Monday, October 11, 2010

Man shoots couch during dispute: Guns don't kill people; stupid people kill people.

Are the couch's injuries life-threatening?
Study: Health reform will save Tennesseans $2.7B. Gee, I thought that health care law spelled the end of life as we know it.
E.J. Dionne, Jr.:

The country doesn't need this class war, and it is irrational in any case. Practically no one, least of all Obama, is questioning the basics of the market system or proposing anything more than somewhat tighter economic regulations—after the biggest financial collapse since the Great Depression—and rather modest tax increases on the wealthy.

But even these steps are apparently too much for those financing all the television ads, which should lead voters to ask themselves: Who is paying for this? What do they really want? And who gave them the right to buy an election?


Why, the Supreme Court did.
Mississippi Judge Jails Lawyer for Refusing to Recite Pledge of Allegiance. Here is the Contempt Order, too.

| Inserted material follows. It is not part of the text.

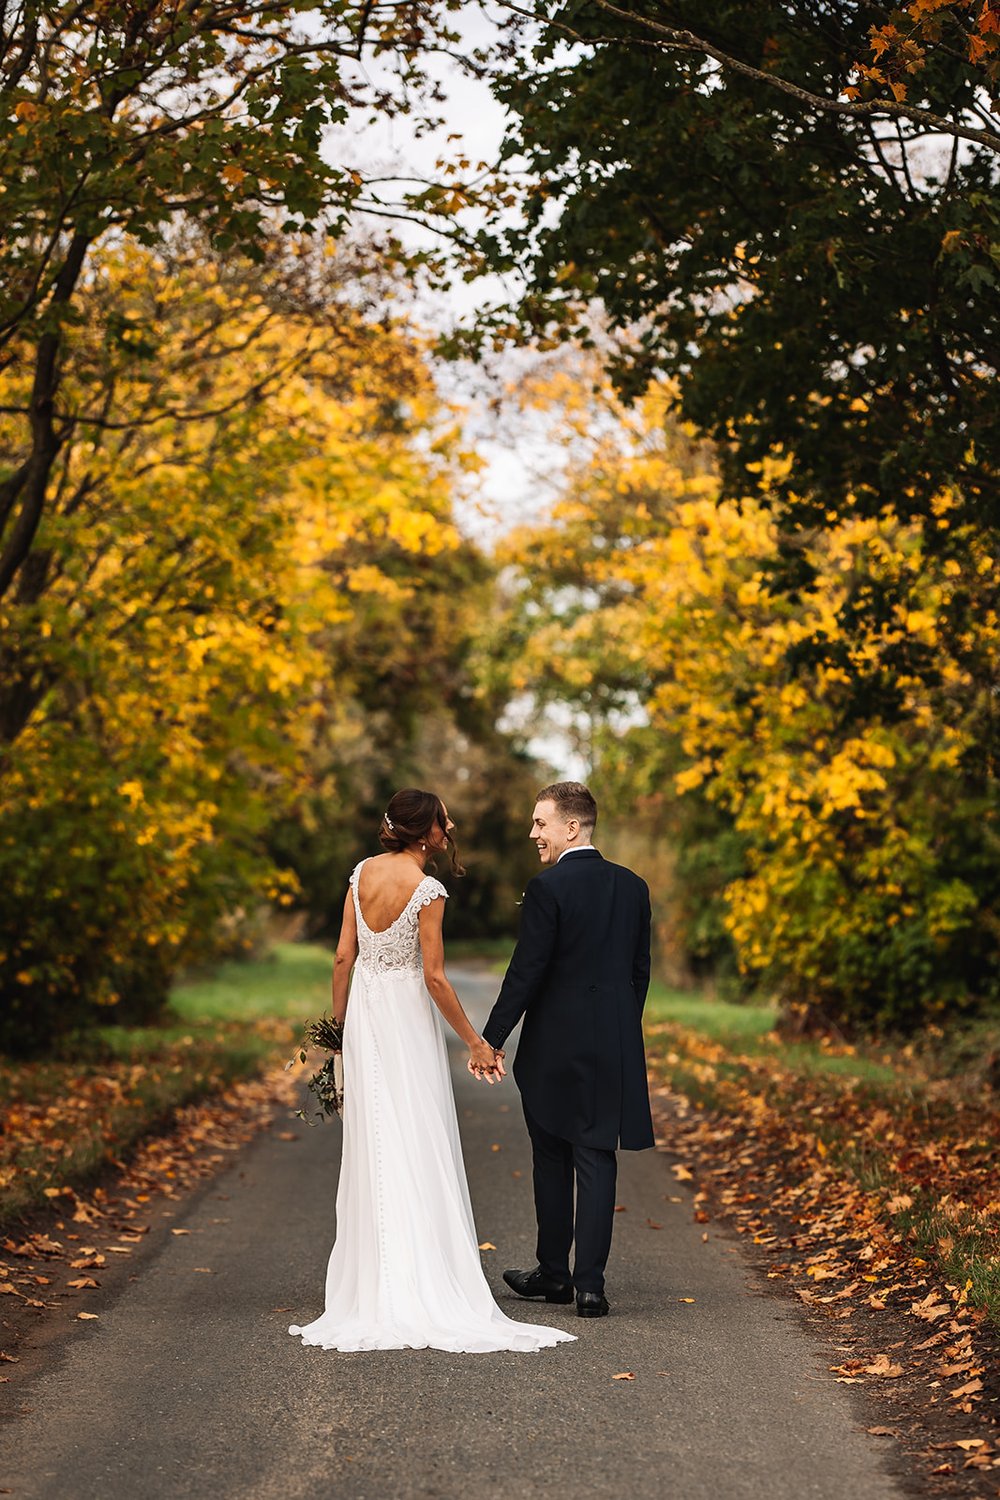 22_Bride and Groom stroll outside the venue amidst autumn leaves Photo by Lumiere Photographic.jpg

What blows me away is that, in this day and age, such nonsense still happens. Being able to refuse to recite a pledge of allegiance is fundamental to our constitutional liberties. Props to this attorney, who is willing to go to jail to protect this basic right.

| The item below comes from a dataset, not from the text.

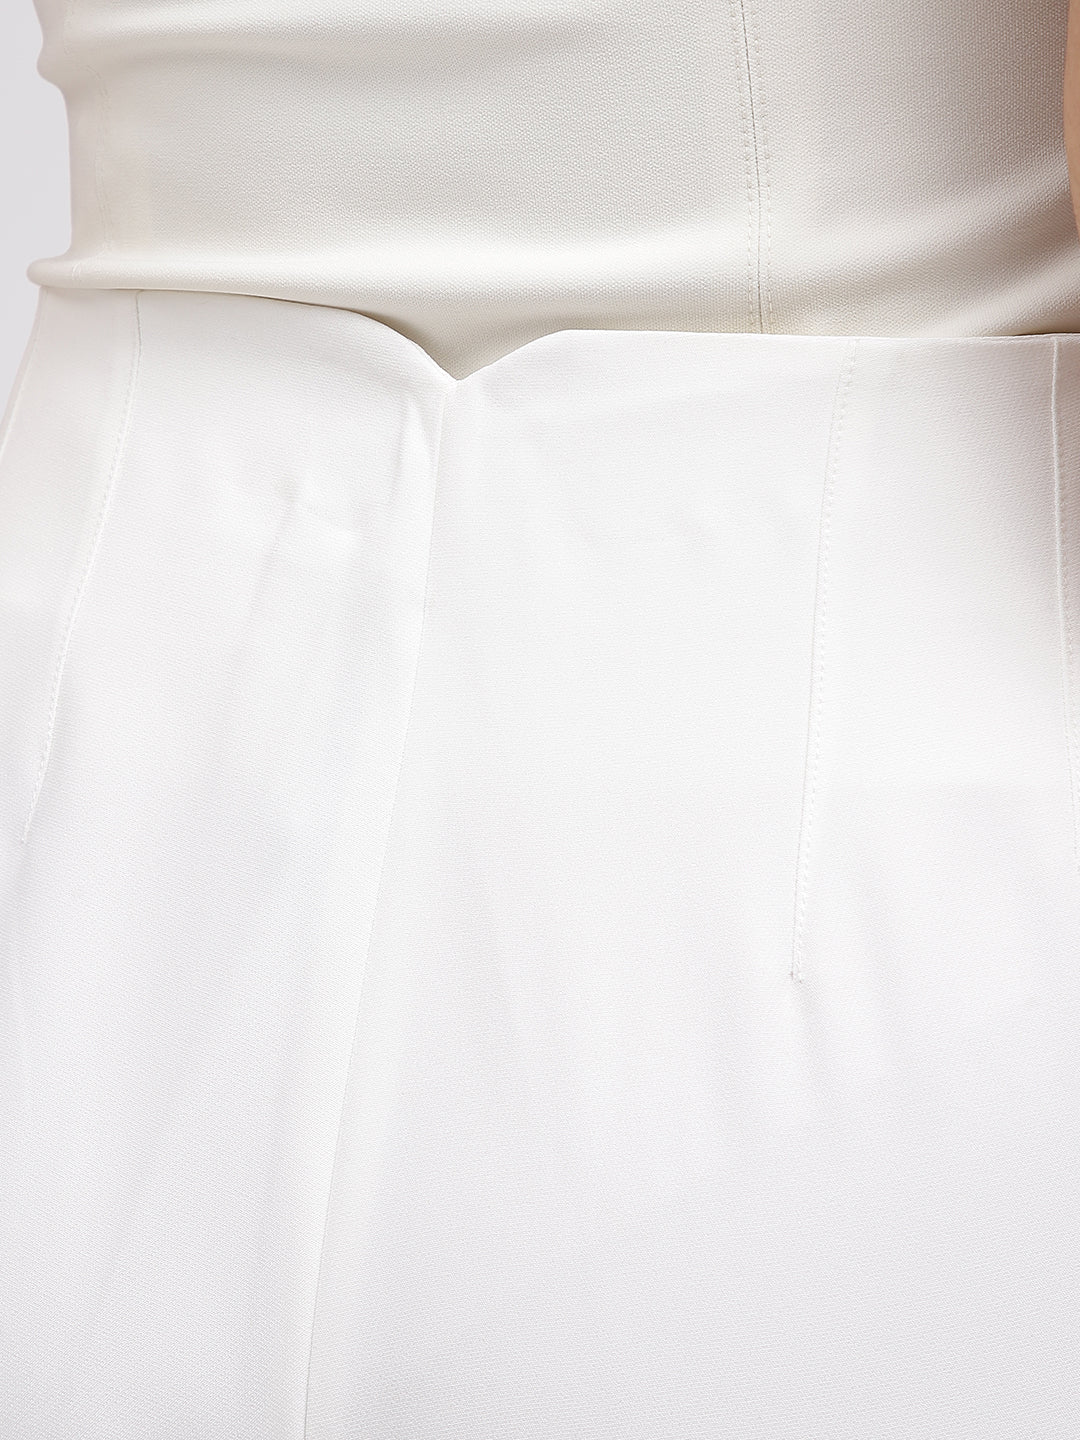 Centre Stage Women White Solid Tapered Fit Trouser

And by the way, this issue was decided by the Supreme Court back in 1943: "'[N]o official, high or petty, can prescribe what shall be orthodox in politics, nationalism, religion, or other matters of opinion or force citizens to confess by word or act their faith therein.' West Virginia State Board of Education v. Barnette, 319 U.S. 624, 642, 63 S.Ct. 1178, 1187, 87 L.Ed. 1628 (1943). A state therefore may not compel any person to recite the Pledge of Allegiance to the flag." Sherman v. Community Consol. School Dist. 21 of Wheeling Tp., 980 F.2d 437 (7th Cir. 1992).

Requiring the lawyer to recite the Pledge upon pain of contempt and jailing is a clear violation of well-settled constitutional law. The Mississippi Chancellor should know better.